*** Begin section ***
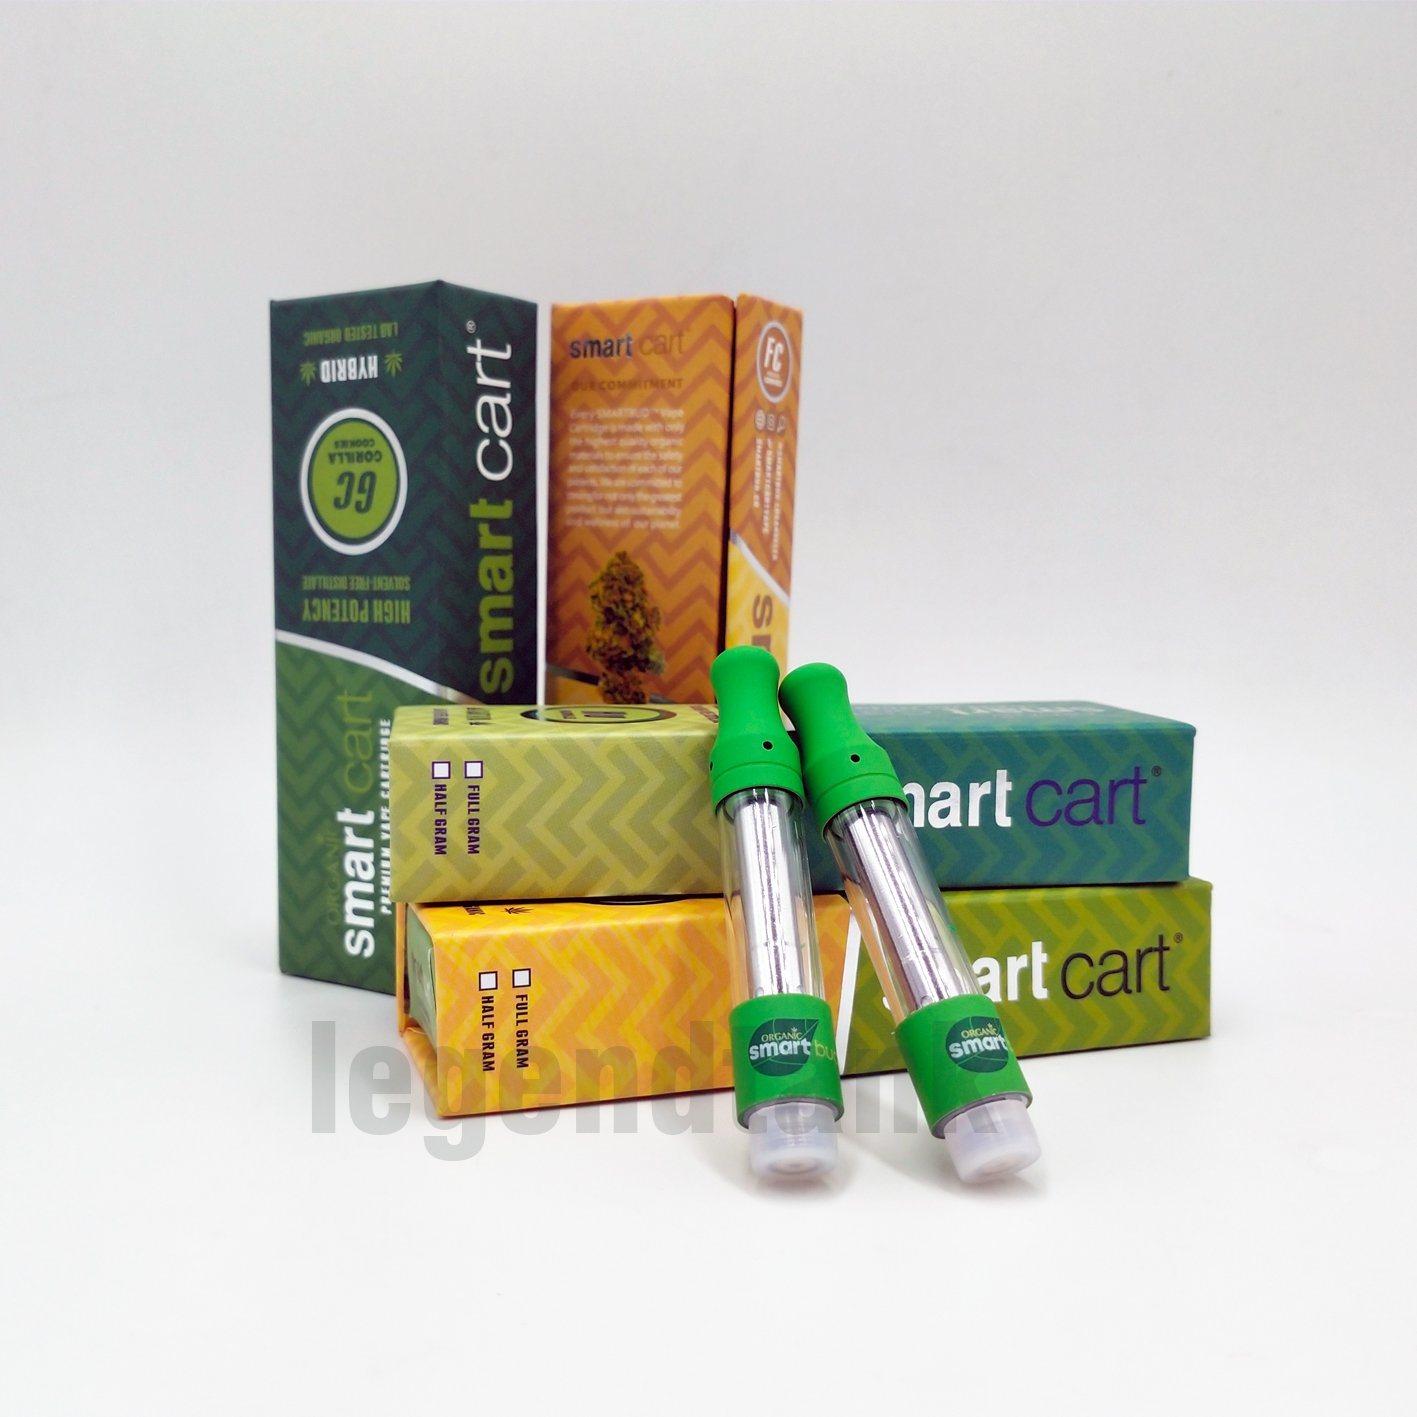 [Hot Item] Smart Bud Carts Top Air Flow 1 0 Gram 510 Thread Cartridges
*** End section ***
*** Begin section ***
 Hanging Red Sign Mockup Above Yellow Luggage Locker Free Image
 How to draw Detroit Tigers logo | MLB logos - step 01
*** End section ***
*** Begin section ***
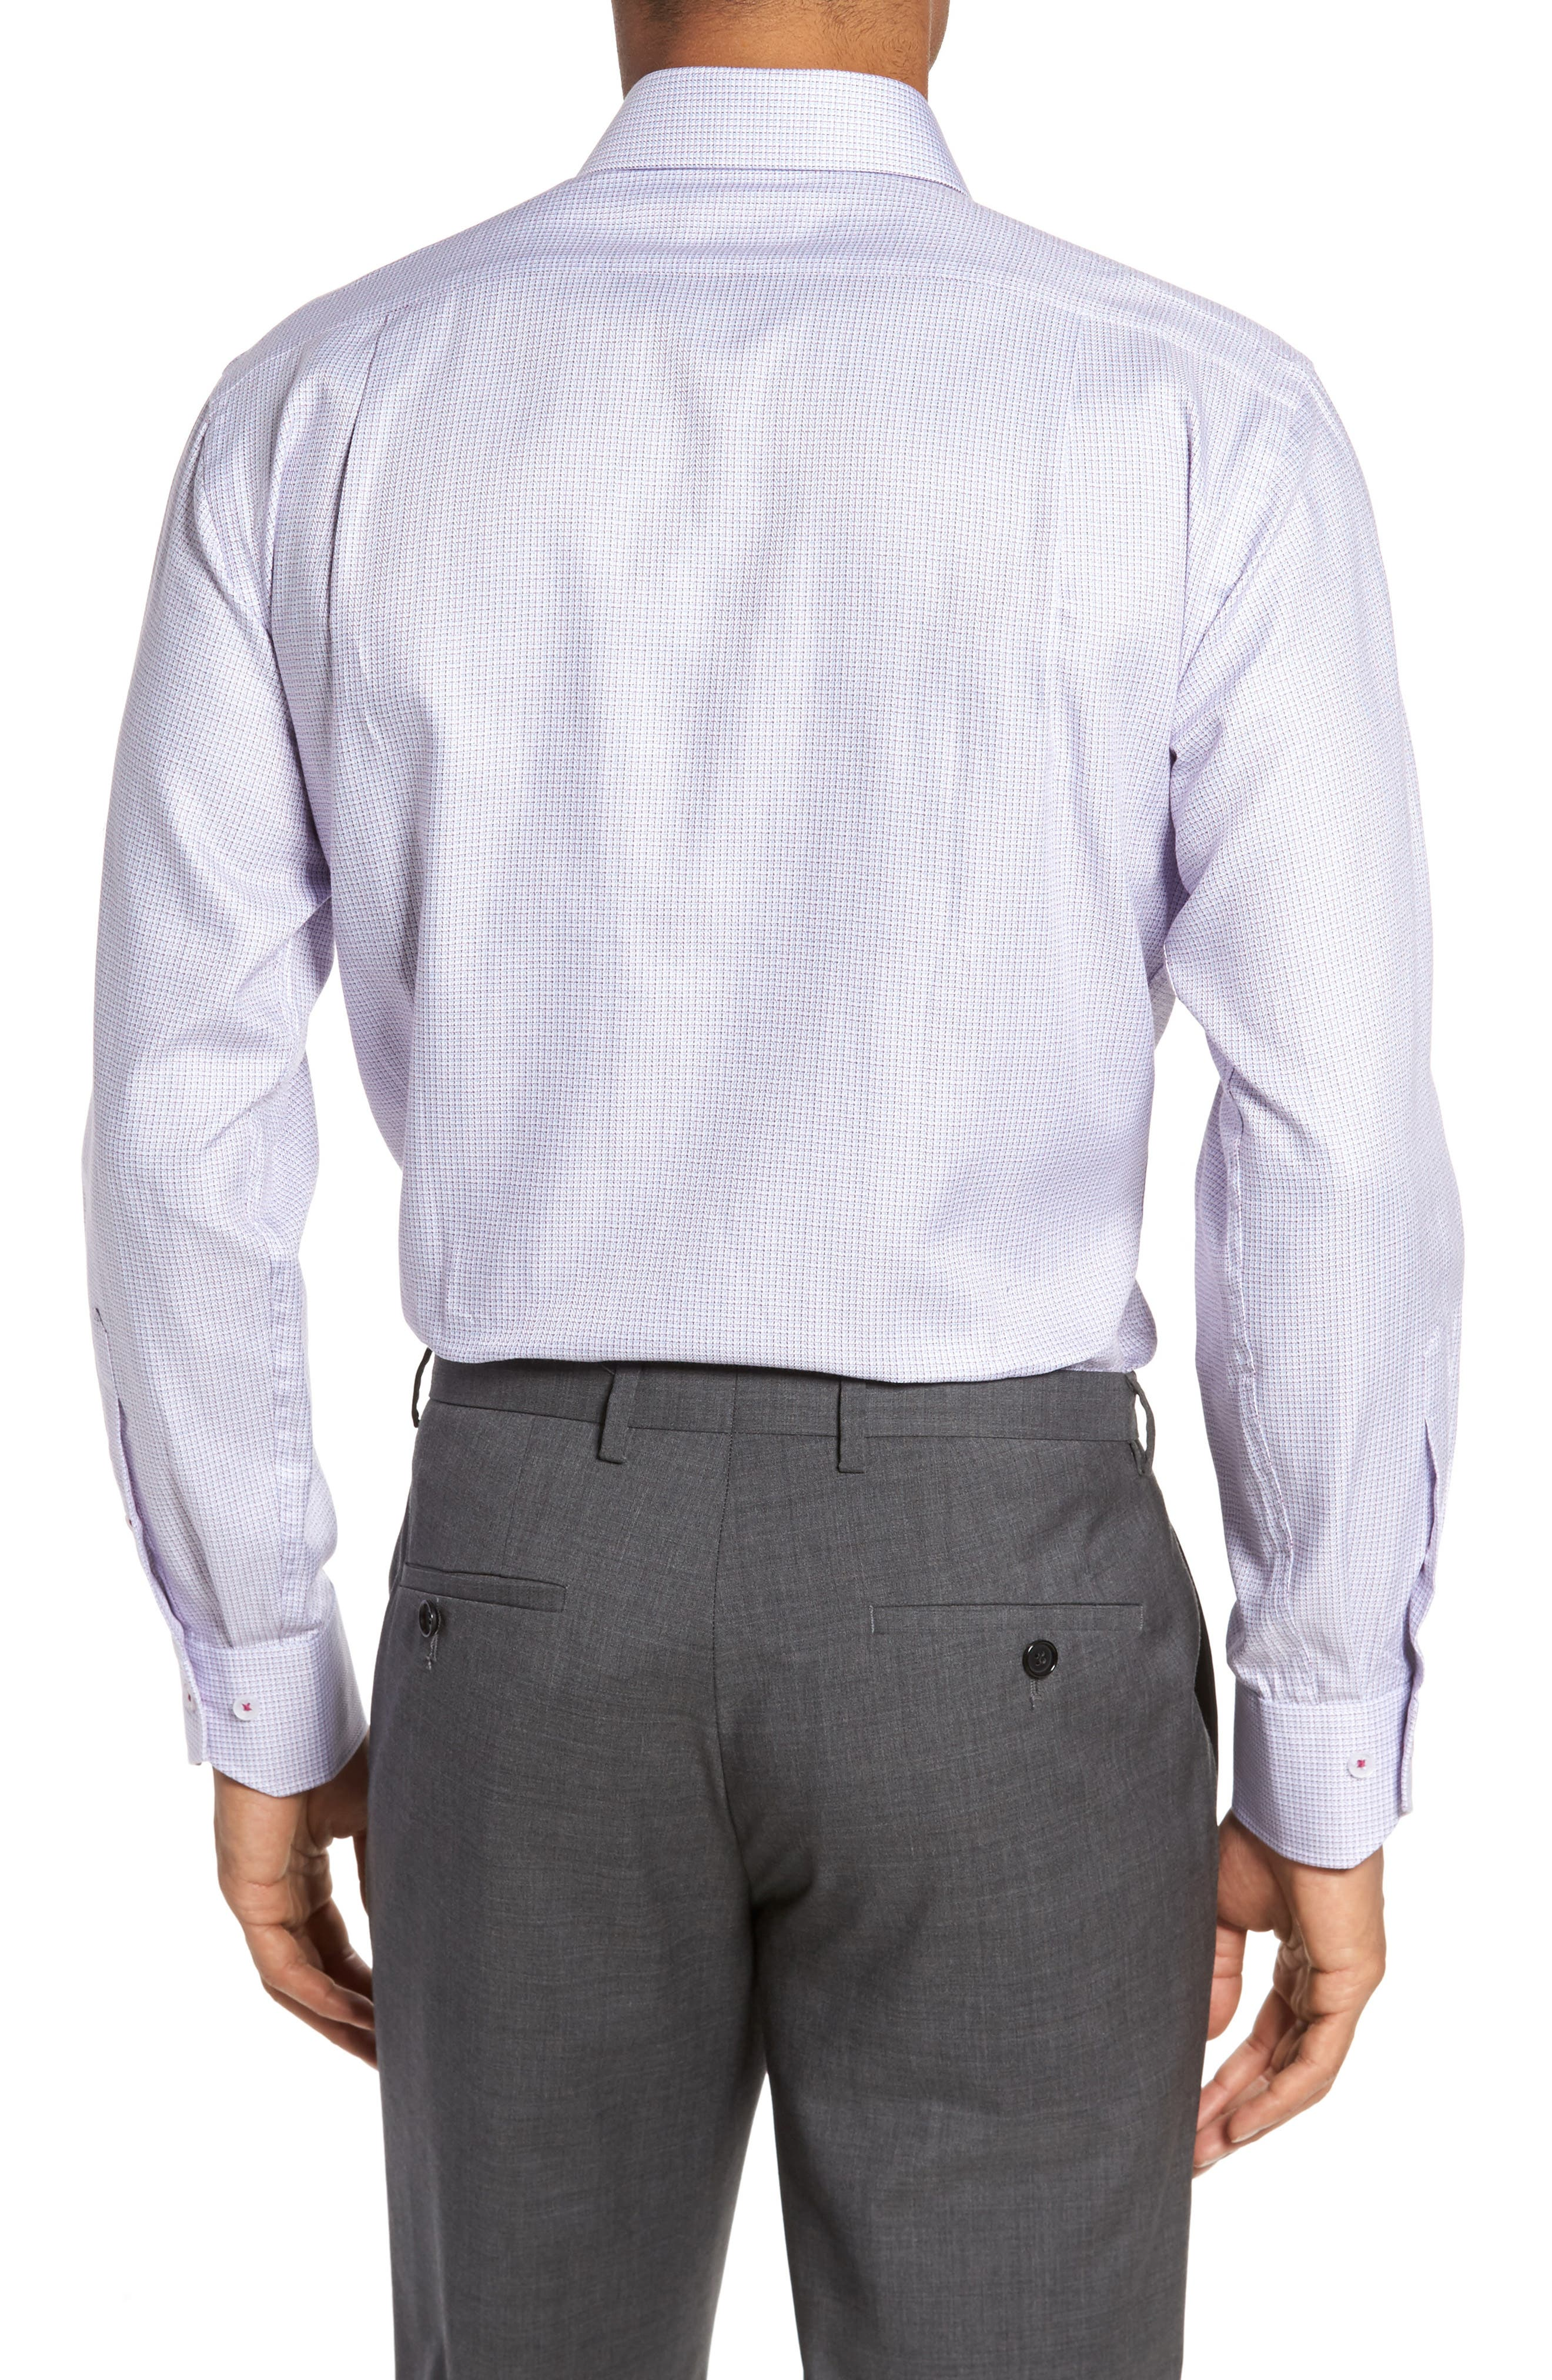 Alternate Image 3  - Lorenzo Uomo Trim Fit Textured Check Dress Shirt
*** End section ***
**WORK TO BE COMPLETED:** In the entries above, the lines between the one holding "Hanging Red Sign" and the one holding "How to draw", inclusive, are to be printed exactly as written, and those alone.

**EXERCISE OUTPUT:**
 Hanging Red Sign Mockup Above Yellow Luggage Locker Free Image
 How to draw Detroit Tigers logo | MLB logos - step 01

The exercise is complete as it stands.